TRY IT –
Using only the entries below, output the lines starting at the one containing "movie screenshot of" and ending at the one containing "Venom 4k Wallpapers", exactly and inclusive of both, omitting the pictures.

RECORDS FOR PROCESSING –
-*-*-

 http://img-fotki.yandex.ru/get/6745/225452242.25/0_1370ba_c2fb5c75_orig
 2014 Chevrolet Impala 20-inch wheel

-*-*-

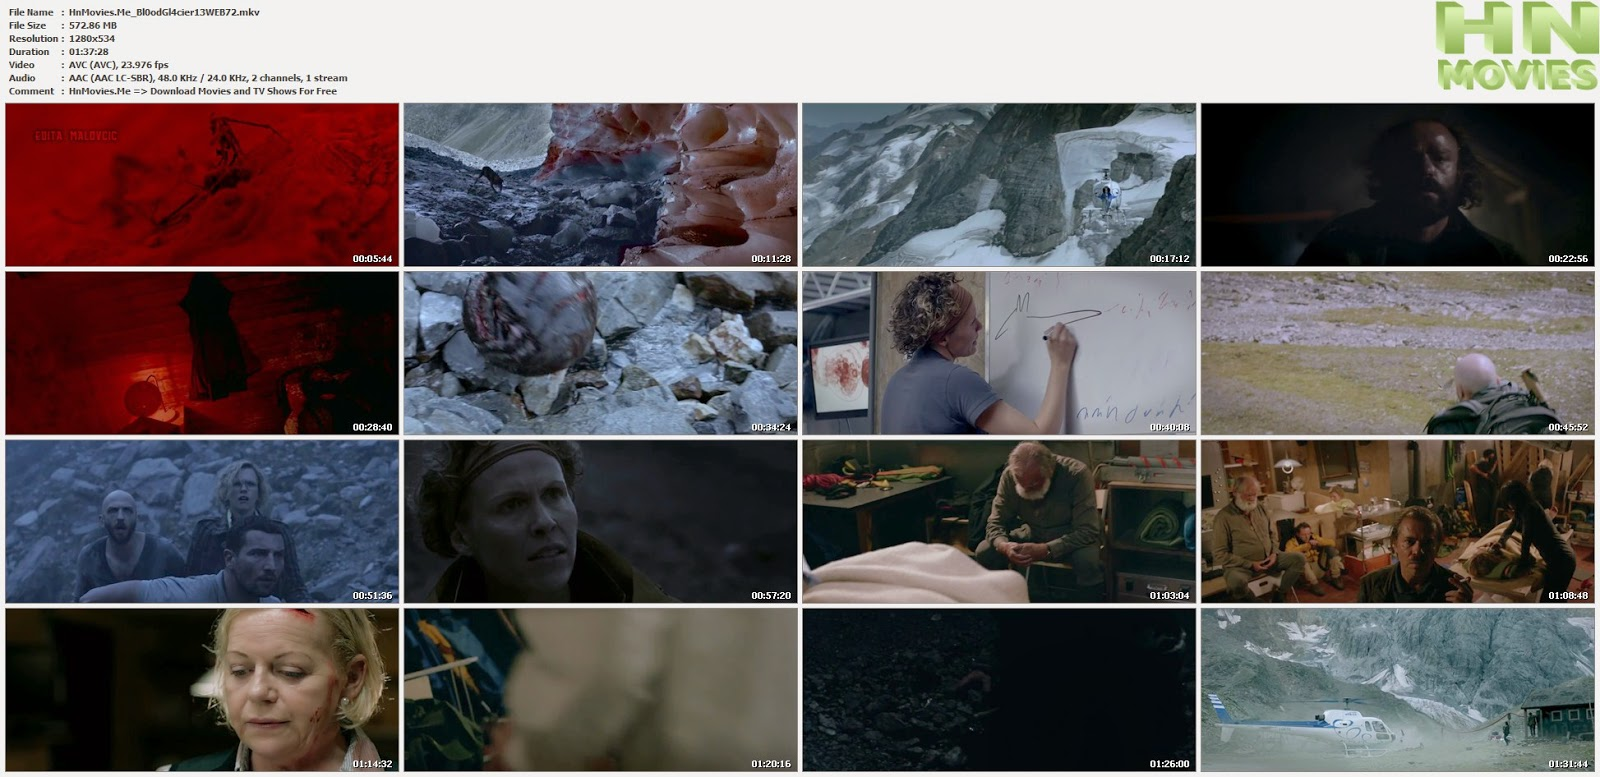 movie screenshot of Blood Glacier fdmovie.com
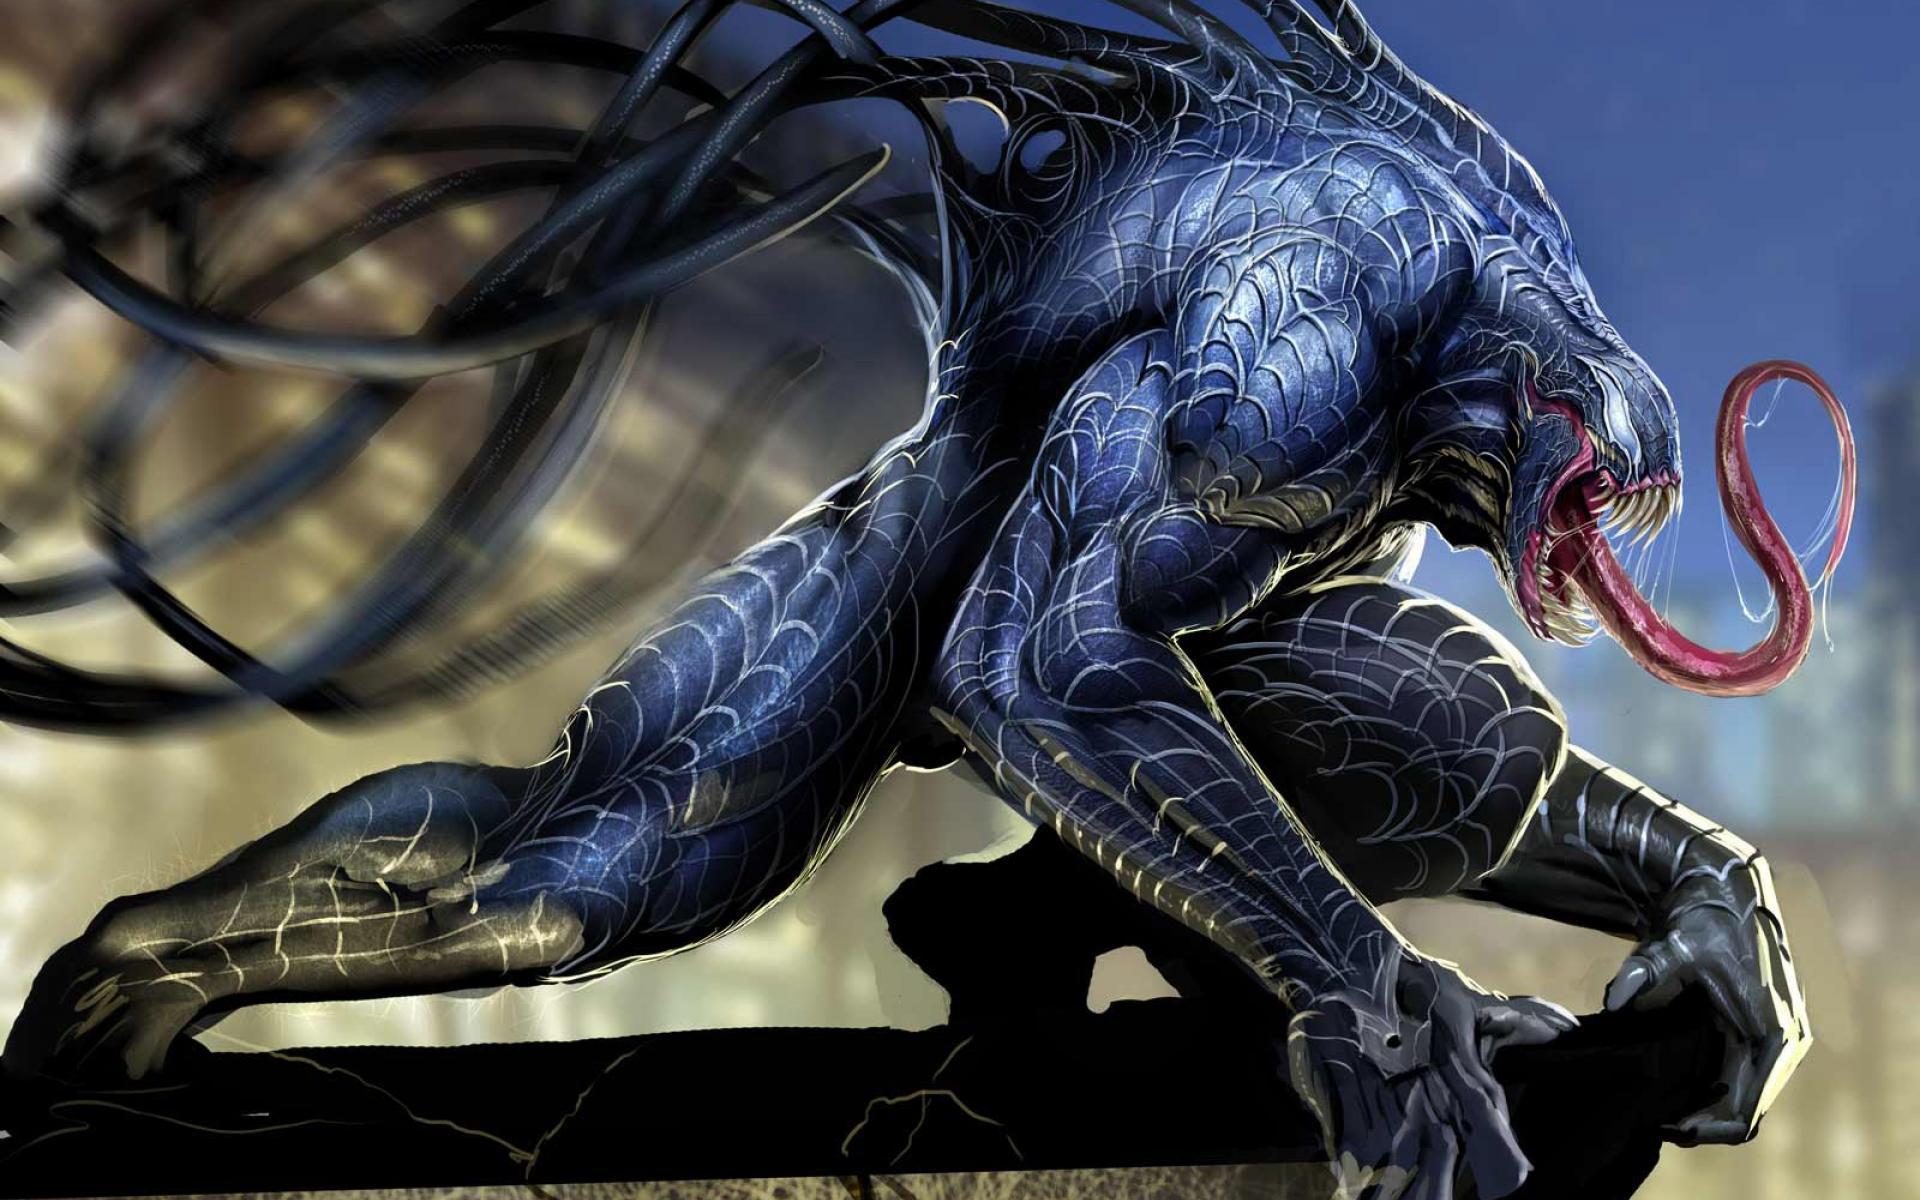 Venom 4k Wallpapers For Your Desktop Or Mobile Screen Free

-*-*-

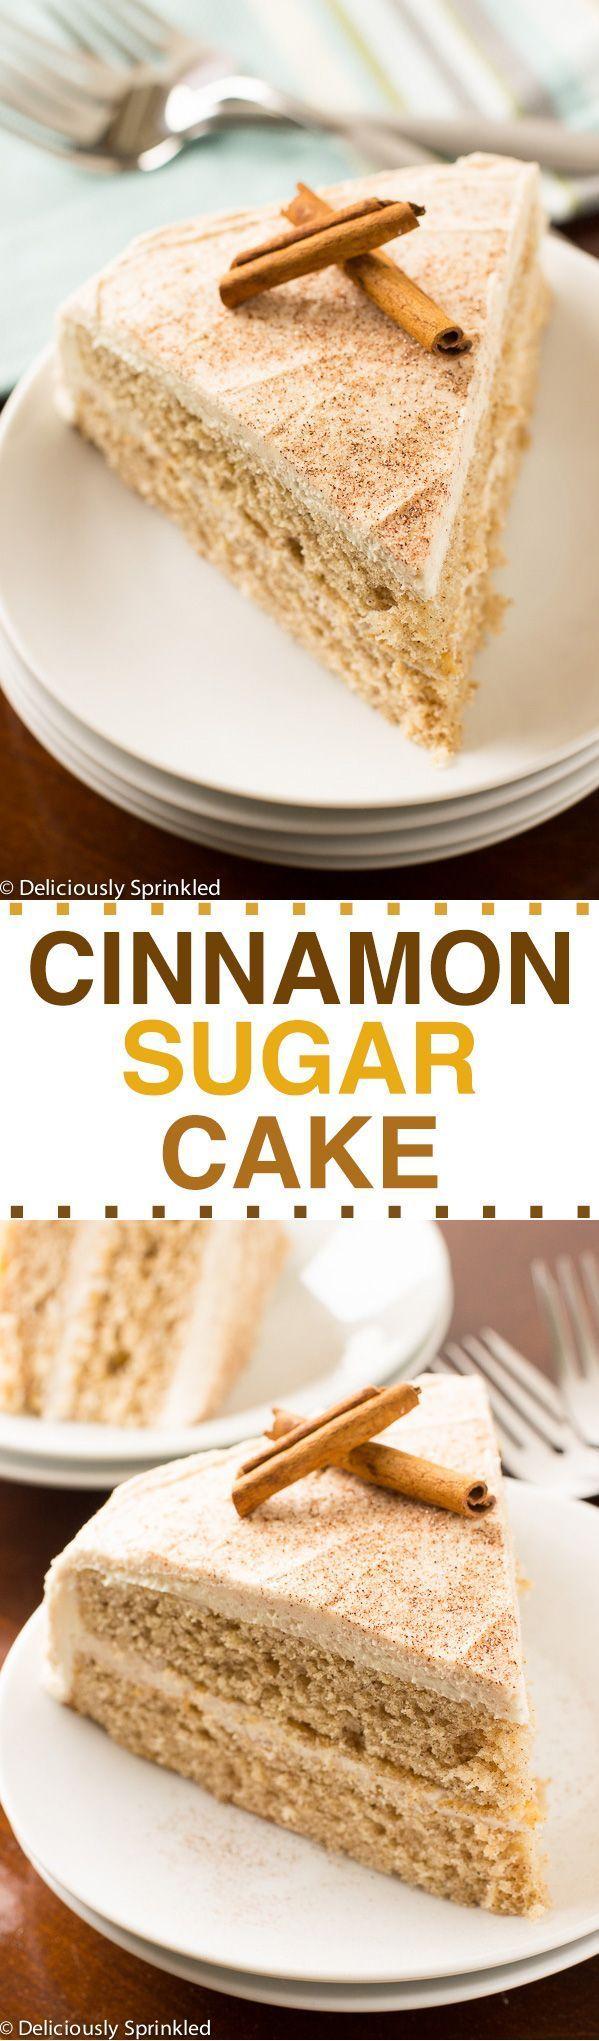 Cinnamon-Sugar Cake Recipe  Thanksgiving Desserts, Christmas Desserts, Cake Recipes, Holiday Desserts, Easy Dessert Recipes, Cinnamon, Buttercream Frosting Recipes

-*-*-

ANSWER TO THIS TASK –
 movie screenshot of Blood Glacier fdmovie.com
 Venom 4k Wallpapers For Your Desktop Or Mobile Screen Free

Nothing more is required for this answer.